The Fundamental AI Research (FAIR) team at Meta is dedicated towards furthering our fundamental understanding of AI technology and covering the entire spectrum of topics related to AI. The primary objective of the FAIR team is to engage in cutting-edge applied research that can improve and power new product experiences for the Meta community. There are a number of cutting edge research models that the FAIR team have worked on.

Audiobox is a unified audio generation AI model based on flow-matching that is capable of generating various audio modalities. Audiobox is the successor of Voicebox, a state-of-the-art AI model that could perform speech generation tasks like editing, sampling, and stylizing. However, unlike its predecessor, Audiobox unites speech generation with high level editing for a variety of sound effects such as car horns or lightning strikes.

A notable feature of Audiobox is that it allows people to use natural language prompts to describe the sound or speech they want to generate. For example if someone wants to generate a soundscape, they can give the model a text prompt like, “A busy café with loud customers and an espresso machine”.

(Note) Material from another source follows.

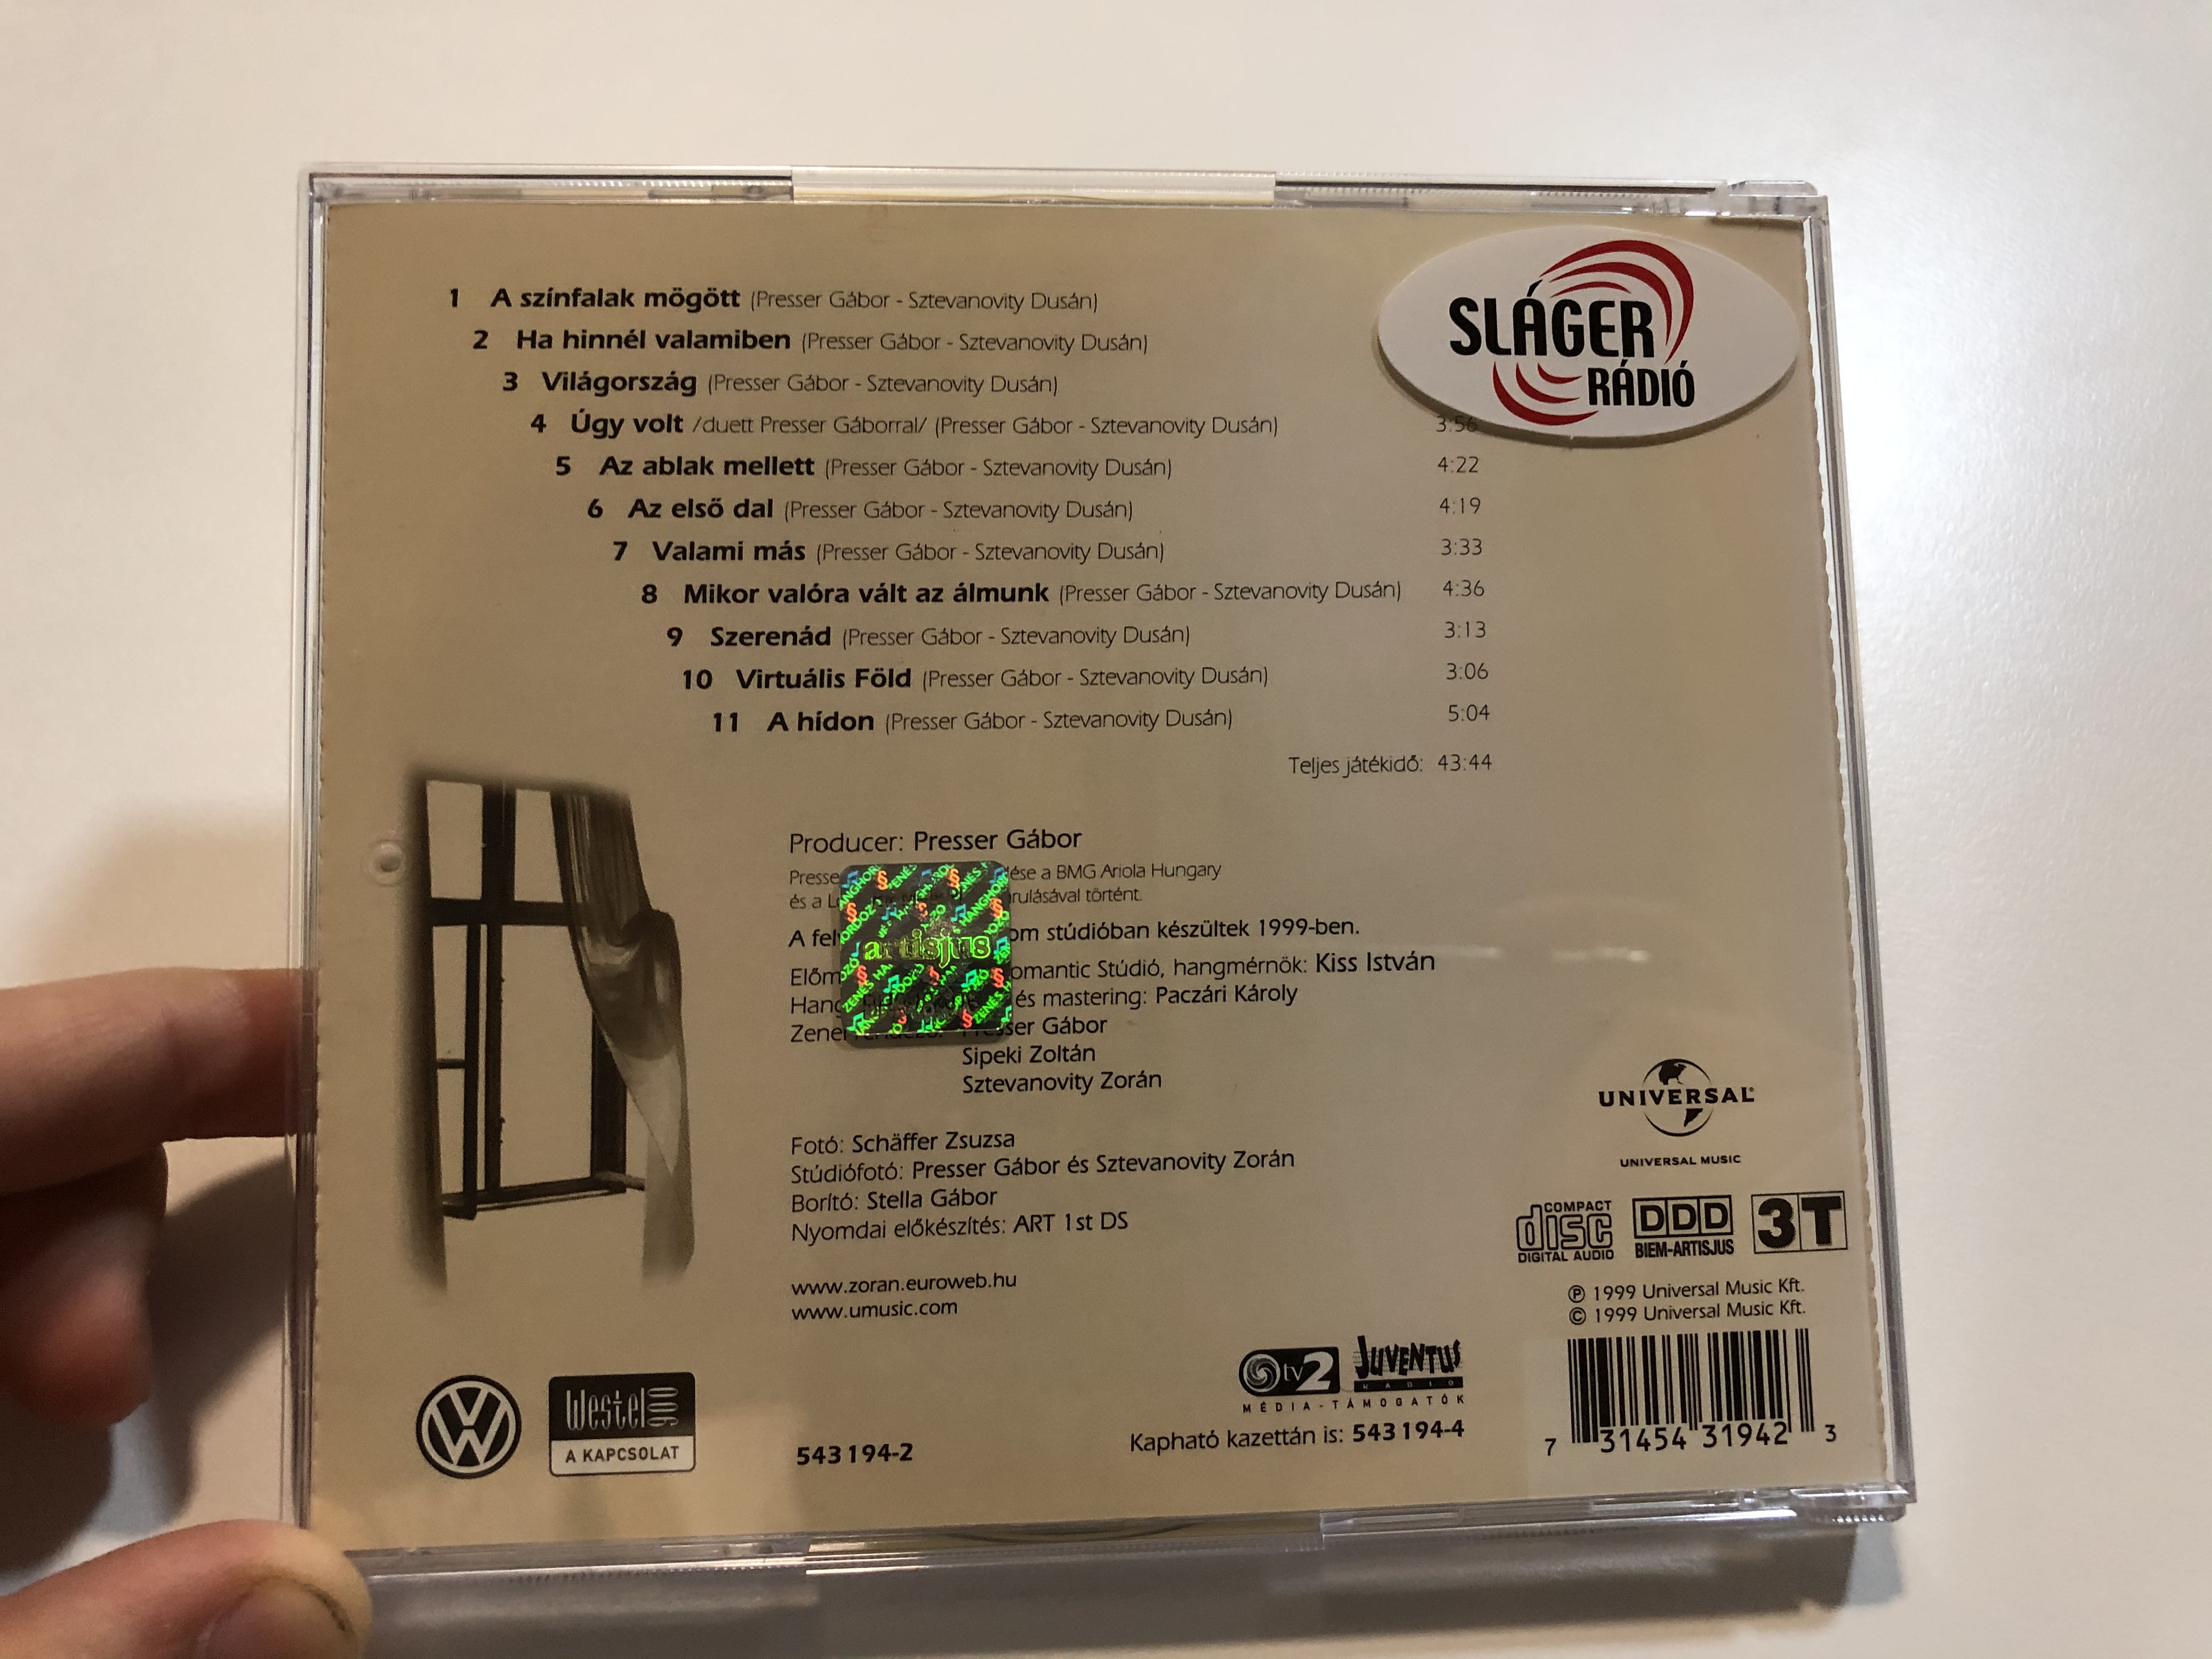 zor-n-az-ablak-mellett-universal-music-audio-cd-1999-543-194-2-9-.jpg

Audiobox users can also combine audio voice inputs with a text style prompt to synthesize speech of that voice in any environment or any emotion. As of this writing, Audiobox is the first AI speech generation model to enable dual inputs of voice prompts and text description prompts for freeform voice restyling. Audiobox demonstrates maximized controllability on speech and sound effects generation. The research team’s experiments showed that it significantly surpasses prior best models (AudioLDM2, VoiceLDM, and TANGO) on quality and relevance (faithfulness to text description) in subjective evaluations. Audiobox also outperformed its predecessor, Voicebox, on style similarity by over 30 percent.

Seamless is a family of AI translation models that enable cross-lingual communication in real time while retaining expressive elements of speech, such as tone, pauses and emphasis. The family of models are built atop SeamlessM4T v2, the latest version of the foundational model released August of 2023.

The SeamlessM4T is a massive multilingual multimodel machine translation model that can support approximately 100 languages. Alongside the SeamlessM4T v2, the family of audio translation models contains the SeamlessExpressive and SeamlessStreaming.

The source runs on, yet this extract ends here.